Extinct volcano in La Palma | The inhabitants fight against the ashes

(Los Llanos de Aridane) They had dreamed of it ever since the eruption of the Cumbre Vieja volcano forced them to leave their home. But the first evacuees to be able to return home to the Spanish island of La Palma, in the Canaries, saw their joy tarnished by the apocalyptic vision of an ocean of ash covering houses and landscape.



Alfons LUNA
France Media Agency

“It’s like a plain” of volcanic ash, “another world,” sighs Félix Rodríguez, a 61-year-old mason, sweeping the black sand accumulated on the roof of his house to make it fall on his terrace below.

The resident of La Palma, driven from his home by the eruption, is one of 1,000 evacuees, out of a total of 7,000, who were allowed to return to their homes this week.

But, like many others, he will not be able to settle there immediately.

Because, to the ashes which obstruct the doors and paths are added the lack of running water and the destruction of a road in the Aridane valley, which forces residents to go around the island – nearly two hours drive – for journeys that once lasted five minutes.

The lava miraculously spared Félix Rodríguez’s house. But not the neighboring cemetery, from which only a few rare tombstones emerge. “They never bothered me,” breathes the sixty-year-old, pointing to the deceased, for whom he says he prayed in vain so that the lava does not invade the graves.

Gift “of the Three Wise Men”

The eruption of Cumbre Vieja, which began on September 19, was officially declared over on December 25, after 10 days of inactivity. The lava destroyed more than 1,300 houses and covered 1,250 hectares of land, including plantations of bananas, avocados and vines.

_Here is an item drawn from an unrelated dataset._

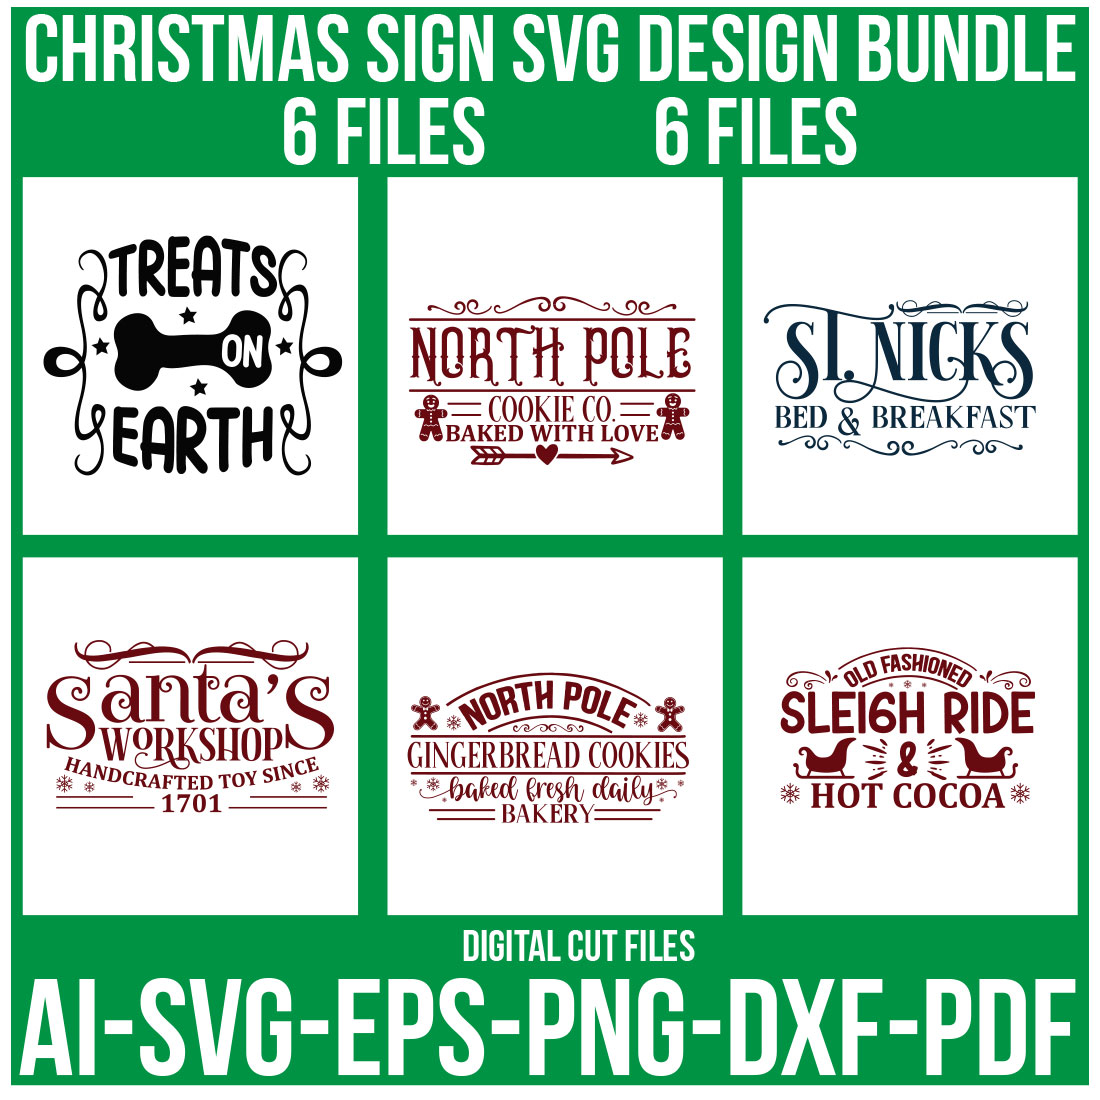 Christmas Sign SVG Bundle cover image.

Carmen Acosta, 57, is one of the lucky few to have been able to sleep in their house on Monday night for the first time after more than three months at the hotel.

It evokes a gift “from the Three Kings”, who traditionally bring gifts to children in Spain on January 6.

His house, very modest, is characteristic of this small island of the Canary archipelago: on one level, with bright blue walls, an orchard, vines that climb along the porch and a view that is lost. in the Atlantic Ocean.

Her parents, in their eighties, live with her in this little house. Tired of the return journey, they rest near bags of clothing, food and medicine that they brought back from the hotel.

“We still have a lot of things to clean up. Even in six months, we will not come to the end. There is a lot of ashes, a lot of garbage… It’s horrible, ”says Carmen.

“Like a cemetery”

In the area affected by the volcano, ash covers the trunks of fruit trees, the tops of which resemble simple shrubs. Mandarins, oranges and apples hang down from the ground.

Recently retired, Gladys Jerónimo, 65, hoped to get a well-deserved rest after years of hard work.

But “for now, it’s just that: sadness, and cleaning up, cleaning up,” she says, sweeping and tidying the plants from her porch.

This former cleaning lady claims to feel “a lot of joy and helplessness at the same time”. “Joy because it’s over, but helplessness, because we can’t come back” definitively, the water not yet having been restored while the lava destroyed the pipes.

Her neighbor, María Zobeida Pérez Cabrera, a 68-year-old retired caregiver, describes the shock she felt when she returned to her parents’ old house.

It was “horrible, like a cemetery.” Everything we could see around was black, there was neither ground nor roof, even the plants were black, ”she says, energetically filling wheelbarrows with ashes which she then empties a few meters from her. House.

Faced with the task that awaits them with her husband, she tries hard to remain optimistic: “everything that we remove today will no longer be there tomorrow”, she said in a philosophical tone.

“Show” and “reality”

At the head of a family banana farm for 10 years, Jorge Díaz Hernández, he does not know when he will be able to find his home, like thousands of other evacuees to whom no date of return has, at this stage, been communicated.

This is the “million dollar question”, shrug the 36-year-old farmer from the top of the mountain of Las Rosas, in Los Llanos de Aridane.

During the eruption, the thirty-something regularly visited this promontory, very popular with those who wanted to observe the volcano, to check if his farm was still standing. She was ultimately spared the lava, but he estimates it would take three years to revive production. And he admits he’s had enough.

“I’m throwing in the towel, I’m going to devote myself to something else […] I was already exhausted by the treatment of agriculture and bananas, by the prices, the expenditure on water, all that. There, it is the drop of water that broke the camel’s back, ”he assures us.

“The volcano was a spectacle within the drama, we had something. And now it’s over, ”he laments. “We were like on a cloud and now we are back to reality.”